Over 60% of AI project failures in production trace to data quality, context problems, or governance failures — not model limitations. Yet when agents misbehave, the first instinct is almost always to touch the prompt. The second instinct is to switch models. The third might be to add a reranker. The upstream database that feeds the whole pipeline rarely makes the troubleshooting list until months of work have been wasted.

Why the Model Gets the Blame

LLMs are probabilistic and their failures look like reasoning errors. When a customer support agent cites a pricing policy from two quarters ago, it feels like a hallucination. When a document assistant conflates two different products with similar names, it looks like a context window problem. When an extraction agent returns null for a required field 15% of the time, it reads like model inconsistency.

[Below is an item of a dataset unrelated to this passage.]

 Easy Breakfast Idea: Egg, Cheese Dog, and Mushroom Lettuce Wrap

These diagnoses are usually wrong. The pricing policy failure happens because three versions of the same document exist in the vector store with no timestamp metadata. The conflation happens because two products were merged last year and the description fields were never reconciled. The null extraction happens because 15% of the source records have missing values that were never surfaced in any monitoring dashboard.

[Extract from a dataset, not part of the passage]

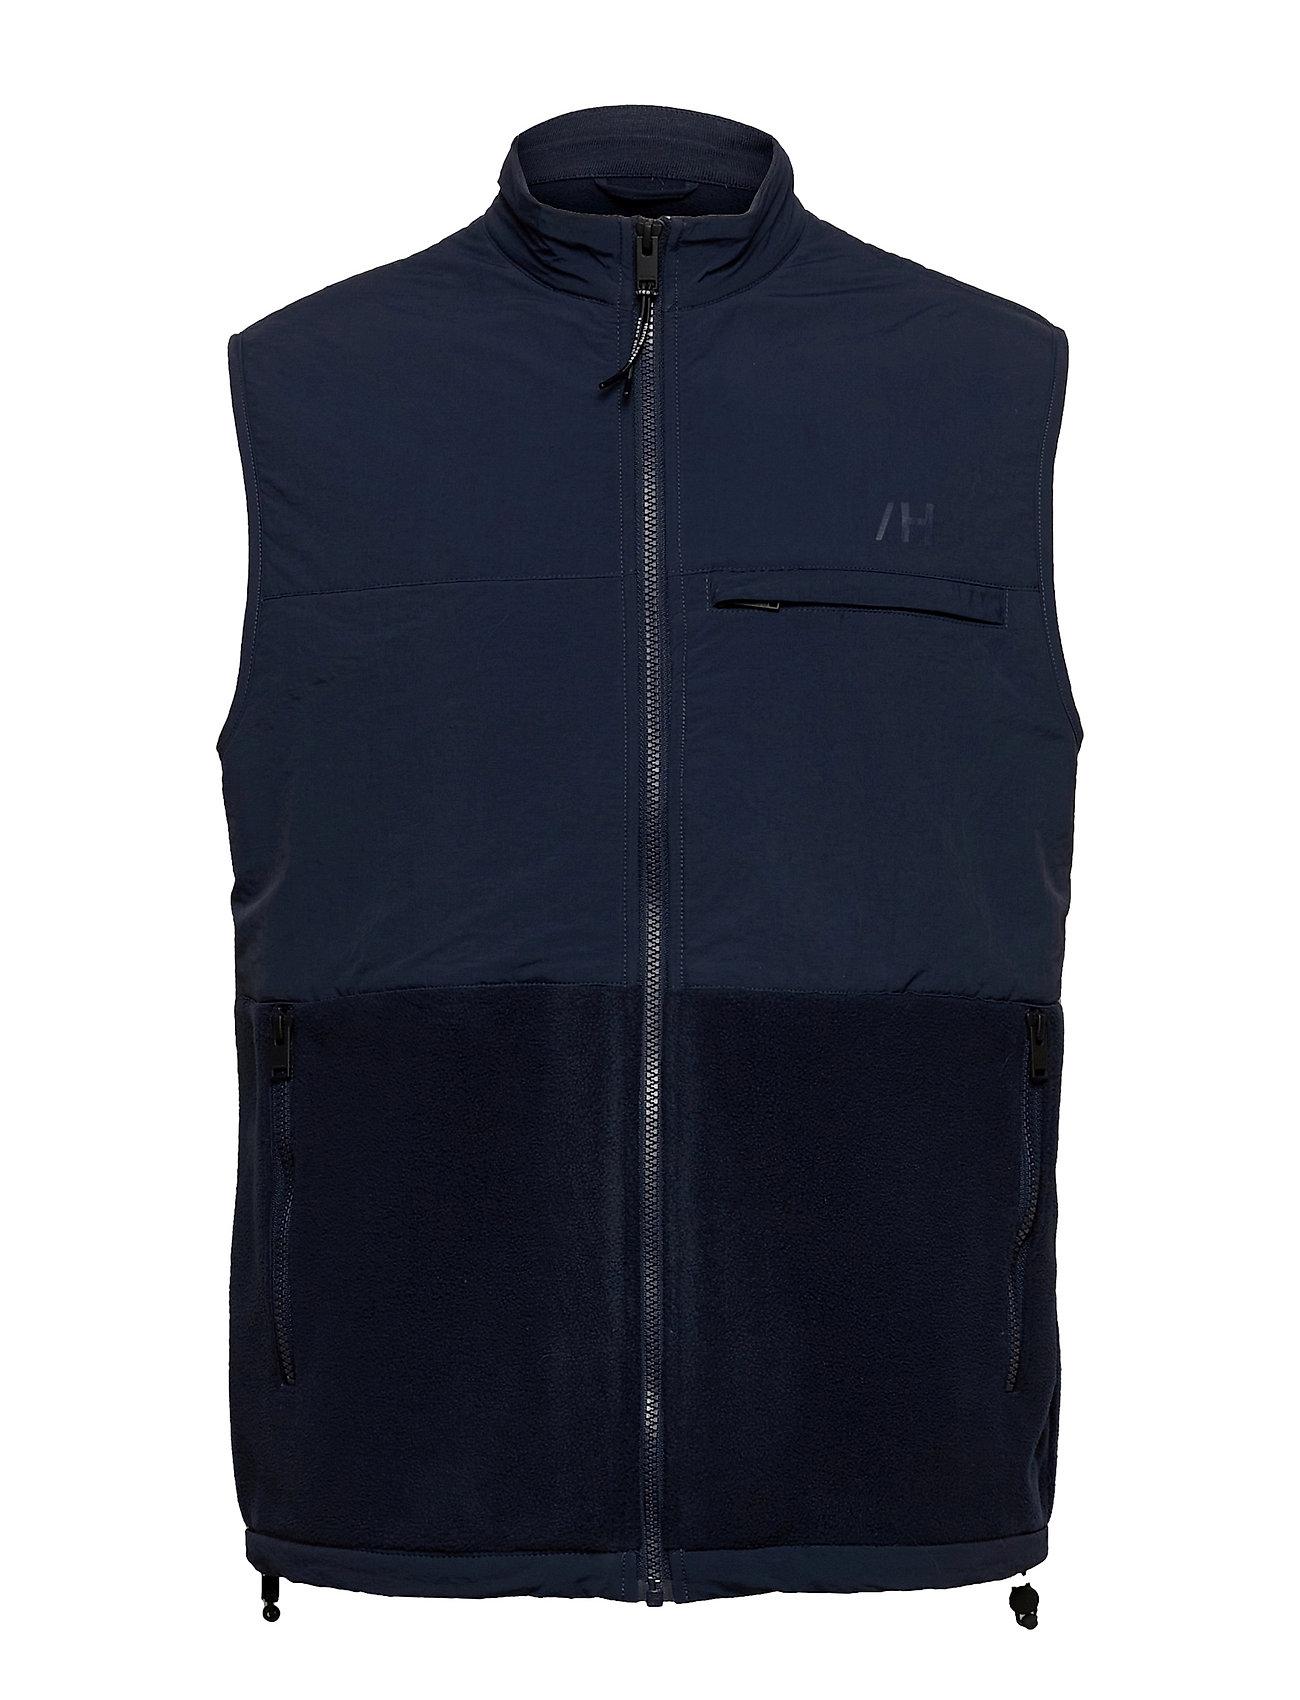 Slhnohr Fleece Vest W Vest Sort Selected Homme

The model is synthesizing its inputs faithfully. The inputs are the problem.

This matters because the remediation paths are completely different. If the model is at fault, you tune the prompt, add examples, or upgrade. If the data is at fault, you need freshness validation, deduplication, schema enforcement, and completeness monitoring — none of which a better model will give you.

The Failure Modes That Look Like Model Errors

Null propagation. A source database has 15% null values for a product category field. The agent retrieves records, encounters the nulls, and either fabricates plausible-sounding category names or silently drops those records. The eval catches neither: the fabricated values pass format checks, and the dropped records don't surface as errors. You discover the problem when a downstream report shows an unexplained gap.

Duplicate records with conflicting state. An order management system has a customer appearing in three records — one from a legacy import, one from a self-service signup, and one created by a support agent. The agent tasked with summarizing customer history synthesizes all three, producing a contradictory profile. The model isn't confused; it was handed contradictory source material.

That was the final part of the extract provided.